### Data section
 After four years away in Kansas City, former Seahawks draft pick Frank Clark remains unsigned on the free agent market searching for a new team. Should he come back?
######
### Data section
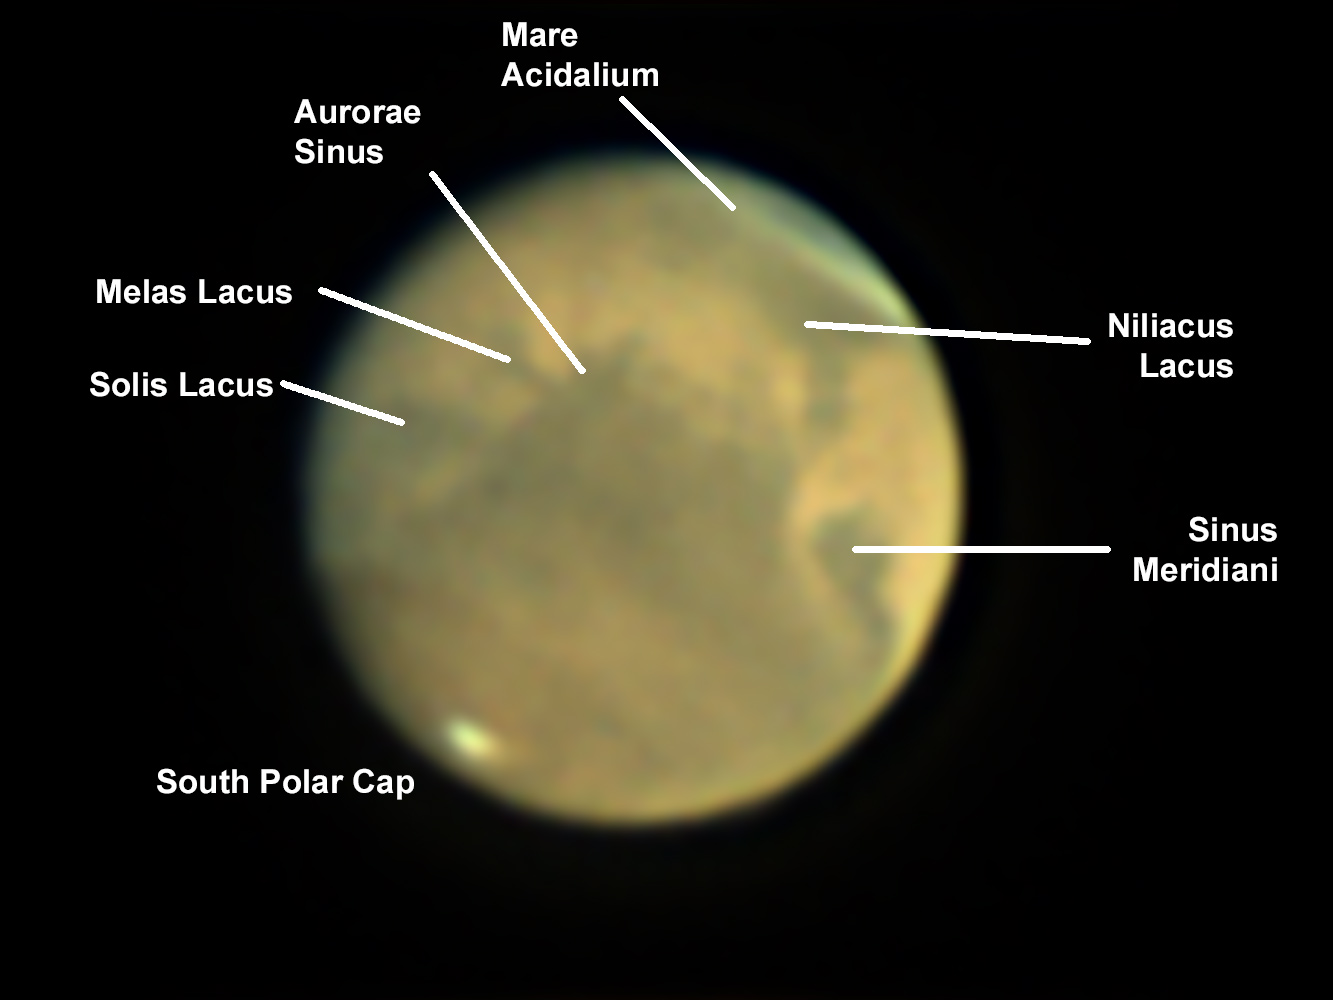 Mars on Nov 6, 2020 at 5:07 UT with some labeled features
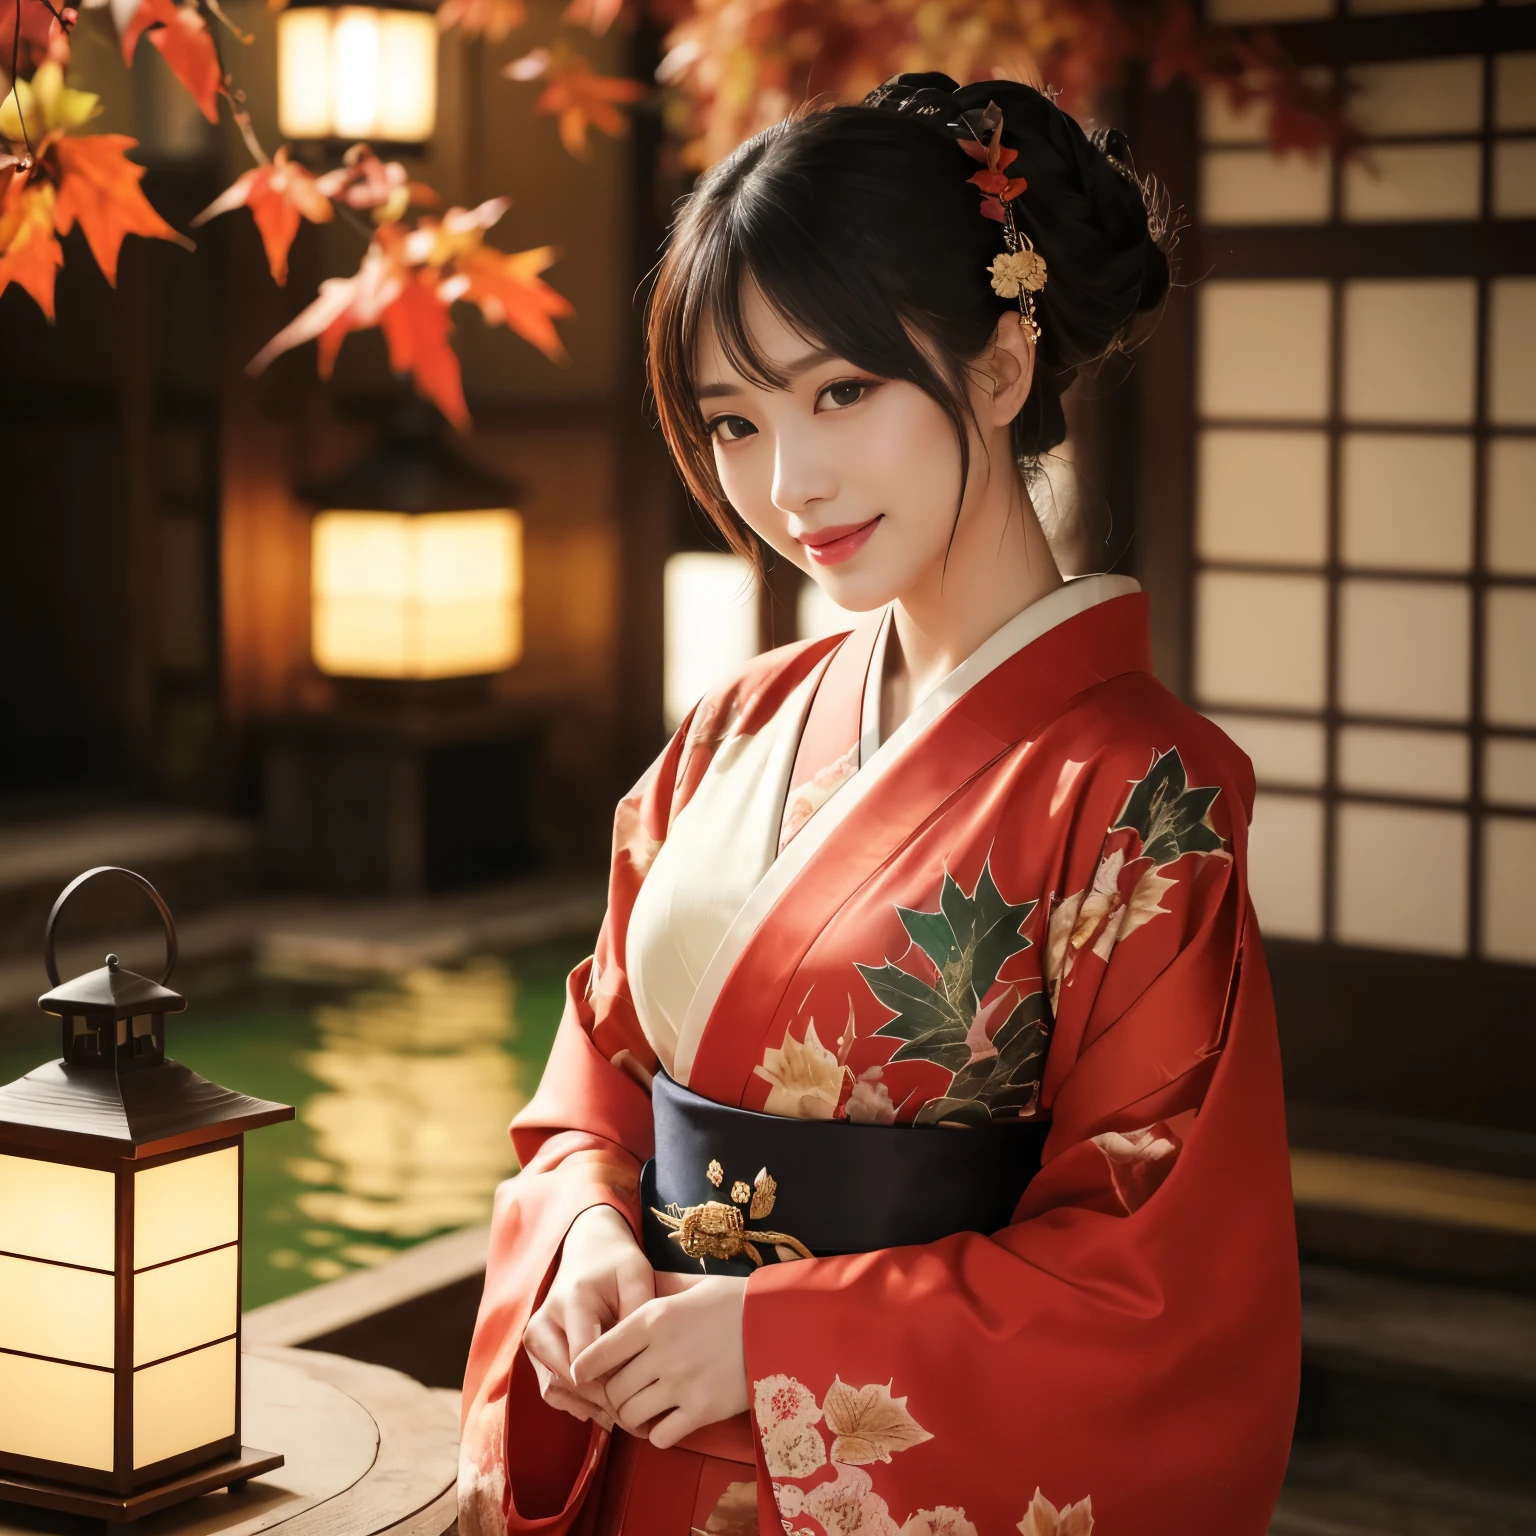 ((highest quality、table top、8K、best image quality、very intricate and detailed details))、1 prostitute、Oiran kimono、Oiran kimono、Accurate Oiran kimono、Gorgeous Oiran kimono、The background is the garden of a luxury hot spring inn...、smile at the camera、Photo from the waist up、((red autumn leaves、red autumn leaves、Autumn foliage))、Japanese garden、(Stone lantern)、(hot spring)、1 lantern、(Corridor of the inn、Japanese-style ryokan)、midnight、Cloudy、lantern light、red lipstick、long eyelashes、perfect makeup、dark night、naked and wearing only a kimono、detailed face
######
### Data section
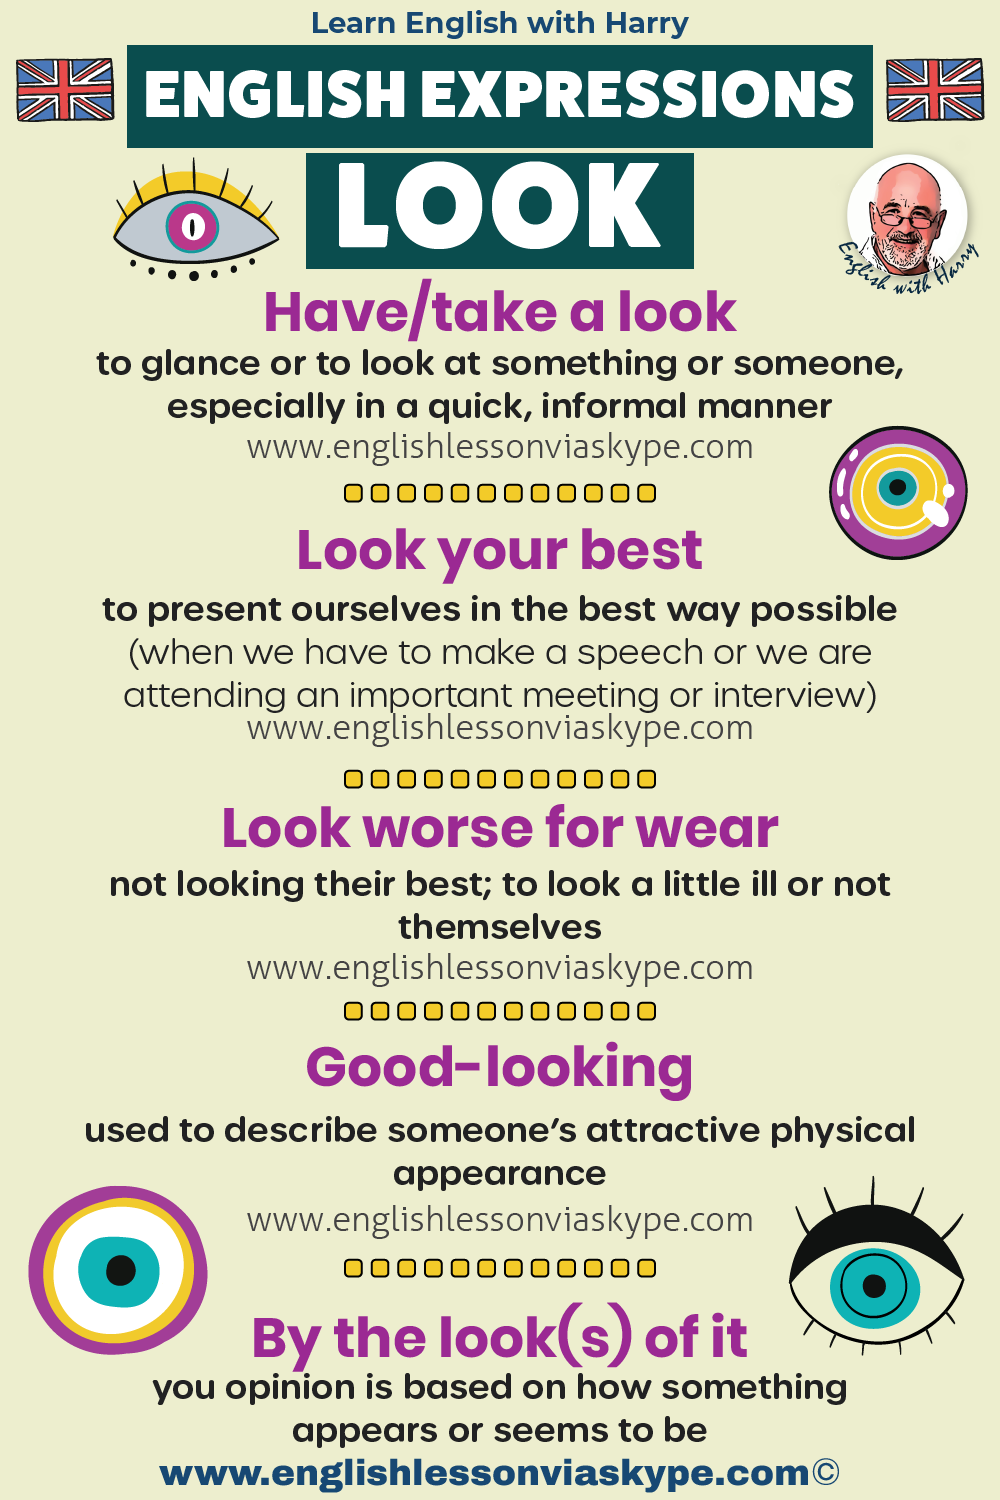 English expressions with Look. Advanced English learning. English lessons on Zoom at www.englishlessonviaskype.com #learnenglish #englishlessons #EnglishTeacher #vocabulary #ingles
######
◆ Action item ◆
Whatever pictures the records hold, omit them; give again exactly the lines from the one containing "Mars on Nov" through the one containing "((highest quality、table top、8K、best".

◆ Problem solution ◆
 Mars on Nov 6, 2020 at 5:07 UT with some labeled features
 ((highest quality、table top、8K、best image quality、very intricate and detailed details))、1 prostitute、Oiran kimono、Oiran kimono、Accurate Oiran kimono、Gorgeous Oiran kimono、The background is the garden of a luxury hot spring inn...、smile at the camera、Photo from the waist up、((red autumn leaves、red autumn leaves、Autumn foliage))、Japanese garden、(Stone lantern)、(hot spring)、1 lantern、(Corridor of the inn、Japanese-style ryokan)、midnight、Cloudy、lantern light、red lipstick、long eyelashes、perfect makeup、dark night、naked and wearing only a kimono、detailed face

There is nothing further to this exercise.